Он снова и снова вызывал в своем воображении Соню и ее взгляд, пытаясь препарировать его, отыскивая следы чего-то, чего не мог отыскать, не мог даже определить, покуда, уже отчаявшись, не набрел он на слово «любовь». Он хотел отыскать там любовь, он хотел, чтобы Соня любила его, ну конечно! Он хотел любви! А сам-то он, сам-то разве любил, разве он любил Соню, чтобы требовать от нее ответной любви, разве то, что испытывал он по отношению к ней можно назвать любовью? Он еще думал минуту, другую, покачивая головой, измеряя тихое свое чувство привычной, взятой из фильмов и книг, меркою, и, измерив, наконец отвечал: можно.
Ему стало весело – значит он любит, значит любит, вот только узнать бы теперь любит ли она? Только как это узнать, как спросить, да и можно ли спросить об этом, удобно ли, полагается ли, а что, если нет, если этот вопрос испортит все дело, если обидит ее, заденет? А что, если ни то, ни другое, что, если в ответ он услышит «нет»?
Николай вздрогнул, тряхнул головой, прогоняя мысль. Нет, этого совсем не хотелось, это пугало его своей безысходностью, потерей всякой надежды, нет, нет, лучше не знать! Конечно лучше, но знать хотелось, и если бы Соня была сейчас рядом, он, одолев проклятую робость, бросился бы выяснять! Нет, нет! Да и как это выяснить? Но, может быть, для того, чтобы это понять, достаточно было взглянуть в черные Сонины глаза?
Может быть.
При мысли о Соне ему сделалось тепло. Он закрыл глаза, вспоминая ее запах, волосы, ее походку, представляя ее в своей крошечной квартире — она улыбалась ему, улыбалась лукаво, и говорила, говорила, слов он не разбирал и не хотел, он слушал ее, как слушают шум леса, или прибой, он слушал ее всем сердцем и сердце шептало ему, что если суждено ему вернуться живым – он непременно женится на Соне, что он хочет жениться, что время пришло и он совершенно готов. Однако откуда эта нелепая, лишняя мысль о смерти – он не знал. Старик не пугал его, даже не предостерегал, и если что-нибудь тревожило его, то это время, два дня, которые придется потратить в лесу на поиски неизвестно кого, кто, может быть, прольет свет и скажет, что сталось с народом, по имени Сталь.

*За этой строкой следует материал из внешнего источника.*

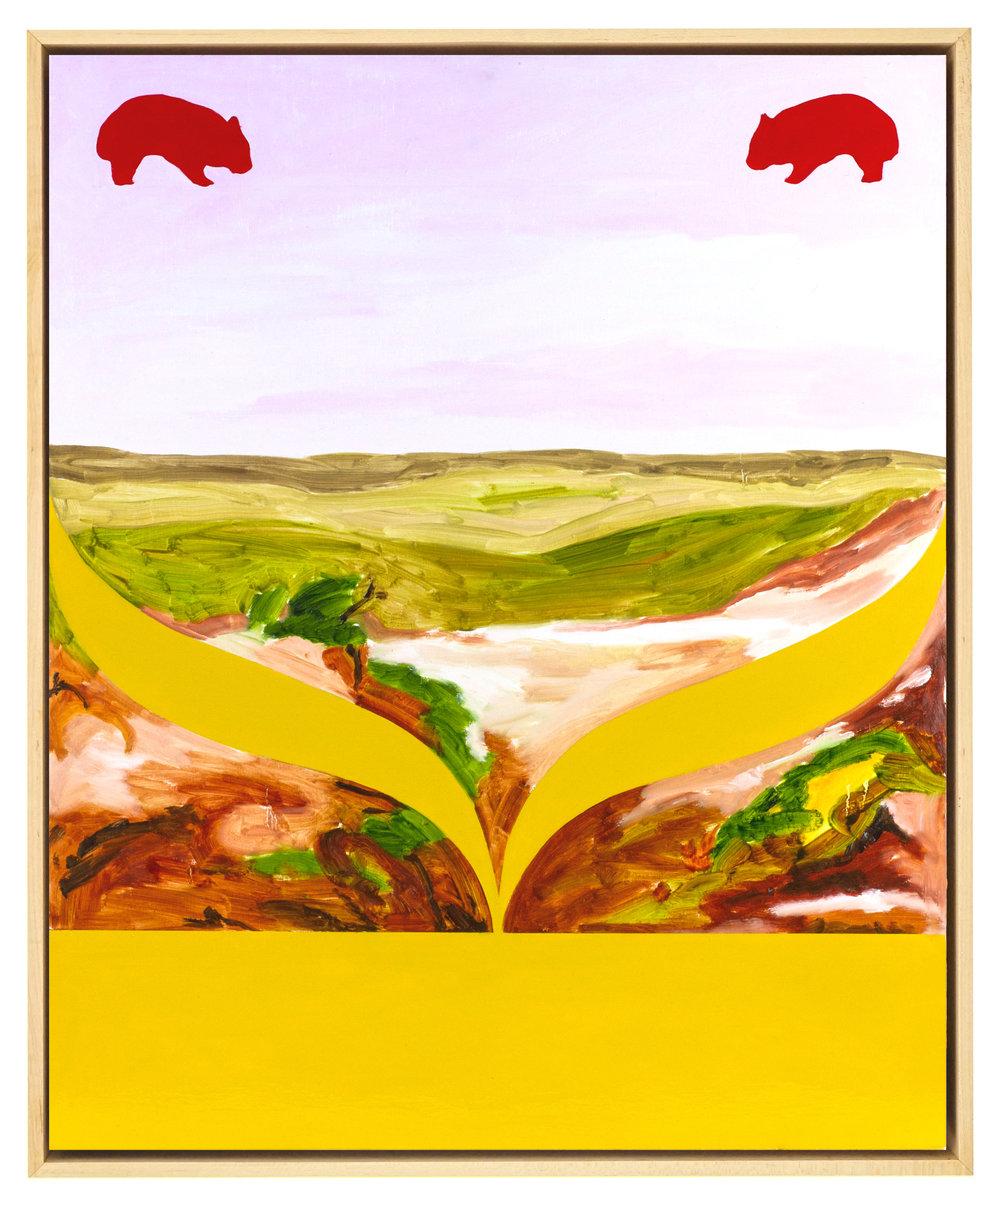 Untitled  2017  Oil, enamel and acrylic on plywood  60 x 75 cm

А если это и в самом деле опасно? Если все это предприятие – лишь его бессмысленная блажь, глупая, опасная прихоть? Сейчас, после мыслей о Соне, о возможном счастье, о женитьбе и лес, и старик, и странные поиски неизвестного, и жажда знания, казались ему глупой игрой, пустым упрямством. А что, если правда опасно бродить по лесу, а что, если кончится плохо, а что если еще хуже? Он вспомнил маленьких людей, их изможденные, словно каменные лица, лохмотья, в которые они были одеты, их жилистые, сильные руки, а что, если они людоеды?
У него екнуло сердце.
— Когда пойдем-то?
— Денежки вперед, — отозвался старик.
— Сколько?
— Как договорились, — старик сощурился.
— Никак мы не договорились, ты двадцать тыщ просил, я сказал дорого, и сейчас скажу – дорого.
— Сколько ж?
— Десять.
— Пятнадцать!
— Не могу, — Николай покрутил головой.
— За десять не пойду, хоть убей, не пойду! – старик подпрыгнул на кровати, отвернулся, демонстрируя свою непреклонность, — пойми, ты, дура, этих денег мне на ползимы, и то не хватит!…
Николай вздохнул.
— Подумай…
— И думать нечего, — старик замахал руками, — не хватит, нечего и думать!
Николай вздохнул опять.
— Нет, нет!… – выкрикивал старик, — и крупы, и соли, и хлеба, и картохи, и пороху – все надо, все надо, будь оно проклято!…
— Ну, ладно…
— Нет, не ладно!… Не ладно!!!…
— Бог с тобой.
— Дошло?…
— Бери.
— Во-от! Друго дело!
— Половину сейчас.
— Это еще почему?
— Вторую половину, когда вернемся.
— Как это?!
— Так. А то ты меня бросишь там, забудешь, или заведешь куда. – Николай
вздохнул в третий раз, — так-то оно вернее будет.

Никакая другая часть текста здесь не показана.